Exercise description: Restate verbatim the span of lines below between the line with "Art & Eden Rocket" and the line with "Calathea roseopicta 'Surprisestar'", including those two lines, and only that span.
===== Records for processing =====
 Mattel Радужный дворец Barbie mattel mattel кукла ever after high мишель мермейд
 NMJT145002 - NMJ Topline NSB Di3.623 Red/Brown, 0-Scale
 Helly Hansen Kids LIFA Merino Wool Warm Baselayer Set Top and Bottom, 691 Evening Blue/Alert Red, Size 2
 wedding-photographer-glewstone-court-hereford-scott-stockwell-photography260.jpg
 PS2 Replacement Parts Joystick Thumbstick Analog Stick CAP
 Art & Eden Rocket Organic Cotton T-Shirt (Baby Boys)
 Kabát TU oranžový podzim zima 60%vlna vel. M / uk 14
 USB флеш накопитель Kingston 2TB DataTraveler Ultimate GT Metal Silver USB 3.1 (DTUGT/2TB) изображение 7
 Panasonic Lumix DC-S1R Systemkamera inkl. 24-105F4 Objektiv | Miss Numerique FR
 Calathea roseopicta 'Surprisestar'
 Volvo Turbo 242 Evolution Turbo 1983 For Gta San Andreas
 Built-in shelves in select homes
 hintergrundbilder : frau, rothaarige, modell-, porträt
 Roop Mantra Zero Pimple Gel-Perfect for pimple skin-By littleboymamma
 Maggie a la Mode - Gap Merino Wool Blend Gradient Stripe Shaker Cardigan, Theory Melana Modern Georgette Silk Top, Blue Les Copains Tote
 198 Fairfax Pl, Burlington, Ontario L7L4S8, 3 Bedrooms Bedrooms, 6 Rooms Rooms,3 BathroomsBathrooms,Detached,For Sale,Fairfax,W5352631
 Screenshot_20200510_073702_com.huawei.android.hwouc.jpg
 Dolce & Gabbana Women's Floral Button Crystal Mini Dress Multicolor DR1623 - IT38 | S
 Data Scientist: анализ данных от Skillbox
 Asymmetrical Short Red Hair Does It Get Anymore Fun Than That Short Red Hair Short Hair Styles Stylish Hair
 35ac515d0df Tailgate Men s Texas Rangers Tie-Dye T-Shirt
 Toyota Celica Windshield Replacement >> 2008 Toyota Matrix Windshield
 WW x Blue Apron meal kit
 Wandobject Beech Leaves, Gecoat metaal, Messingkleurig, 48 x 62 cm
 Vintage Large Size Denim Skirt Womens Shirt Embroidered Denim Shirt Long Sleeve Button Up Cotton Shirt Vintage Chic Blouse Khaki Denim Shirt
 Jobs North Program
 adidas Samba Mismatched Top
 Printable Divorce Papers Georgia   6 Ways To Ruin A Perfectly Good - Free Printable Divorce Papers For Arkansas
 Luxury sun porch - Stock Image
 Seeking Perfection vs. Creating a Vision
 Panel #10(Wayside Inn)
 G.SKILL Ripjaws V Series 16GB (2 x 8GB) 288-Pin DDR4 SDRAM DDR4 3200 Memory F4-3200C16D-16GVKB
=====
Exercise solution:
 Art & Eden Rocket Organic Cotton T-Shirt (Baby Boys)
 Kabát TU oranžový podzim zima 60%vlna vel. M / uk 14
 USB флеш накопитель Kingston 2TB DataTraveler Ultimate GT Metal Silver USB 3.1 (DTUGT/2TB) изображение 7
 Panasonic Lumix DC-S1R Systemkamera inkl. 24-105F4 Objektiv | Miss Numerique FR
 Calathea roseopicta 'Surprisestar'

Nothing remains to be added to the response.